Escape was a groundbreaking album for San Francisco's Journey, charting three singles inside Billboard's Top Ten, with "Don't Stop Believing" reaching number nine, "Who's Crying Now" number four, and "Open Arms" peaking at number two and holding there for six weeks. Escape flung Journey steadfastly into the AOR arena, combining Neal Schon's grand yet palatable guitar playing with Jonathan Cain's blatant keyboards. All this was topped off by the passionate, wide-ranged vocals of Steve Perry, who is the true lifeblood of this album, and this band. The songs on Escape are more rock-flavored, with more hooks and a harder cadence compared to their former sound. "Who's Crying Now" spotlights the sweeping fervor of Perry's voice, whose theme about the ups and downs of a relationship was plentiful in Journey's repertoire. With "Don't Stop Believing," the whisper of Perry's ardor is crept up to with Schon's searing electric guitar work, making for a perfect rock song.

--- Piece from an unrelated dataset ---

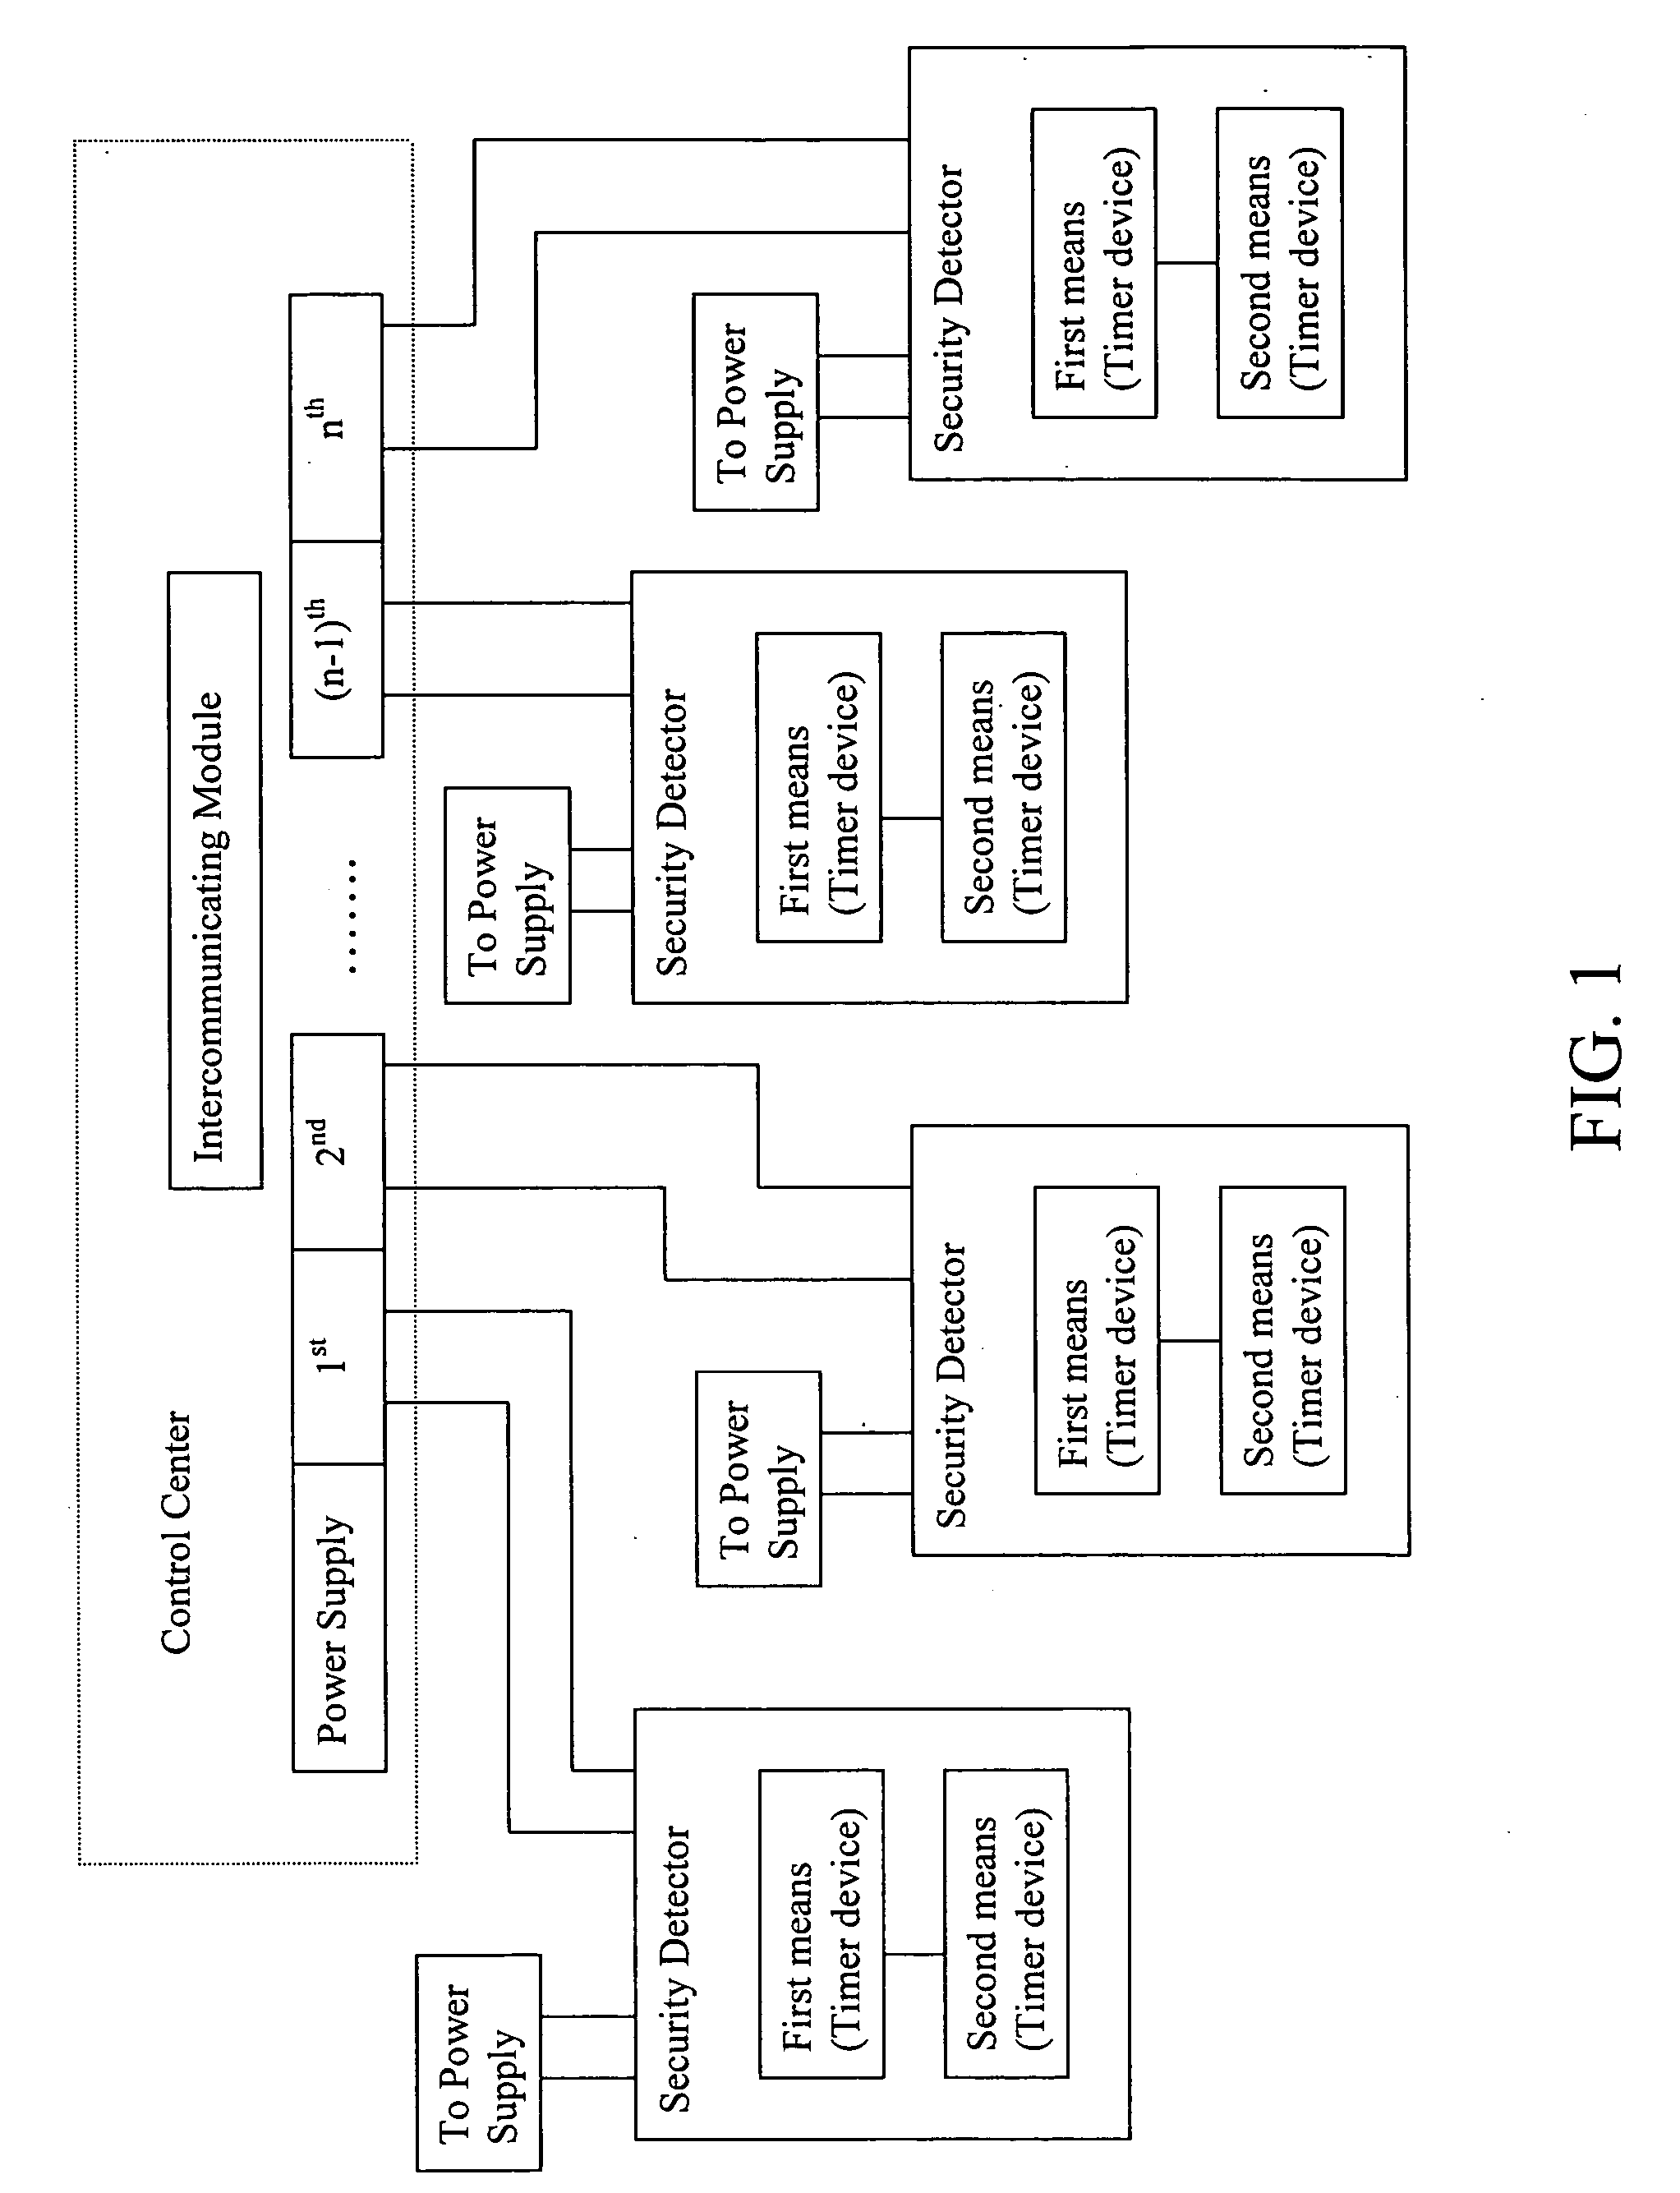 Security device with built-in intercommunicated false alarm reduction control

One of rock's most beautiful ballads, "Open Arms," gleams with an honesty and feel only Steve Perry could muster. Outside of the singles, there is a certain electricity that circulates through the rest of the album. The songs are timeless, and as a whole, they have a way of rekindling the innocence of youthful romance and the rebelliousness of growing up, built from heartfelt songwriting and sturdy musicianship.

Biography

Formed: 1973 in San Francisco, CA

Genre: Rock

Years Active: '70s, '80s, '90s, '00s, '10s

During their initial 14 years of existence (1973-1987), Journey altered their musical approach and their personnel extensively while becoming a top touring and recording band. The only constant factor was guitarist Neal Schon, a music prodigy who had been a member of Santana in 1971-1972. The original unit, which was named in a contest on KSAN-FM in San Francisco, featured Schon, bassist Ross Valory, drummer Prairie Prince (replaced by Aynsley Dunbar), and guitarist George Tickner (who left after...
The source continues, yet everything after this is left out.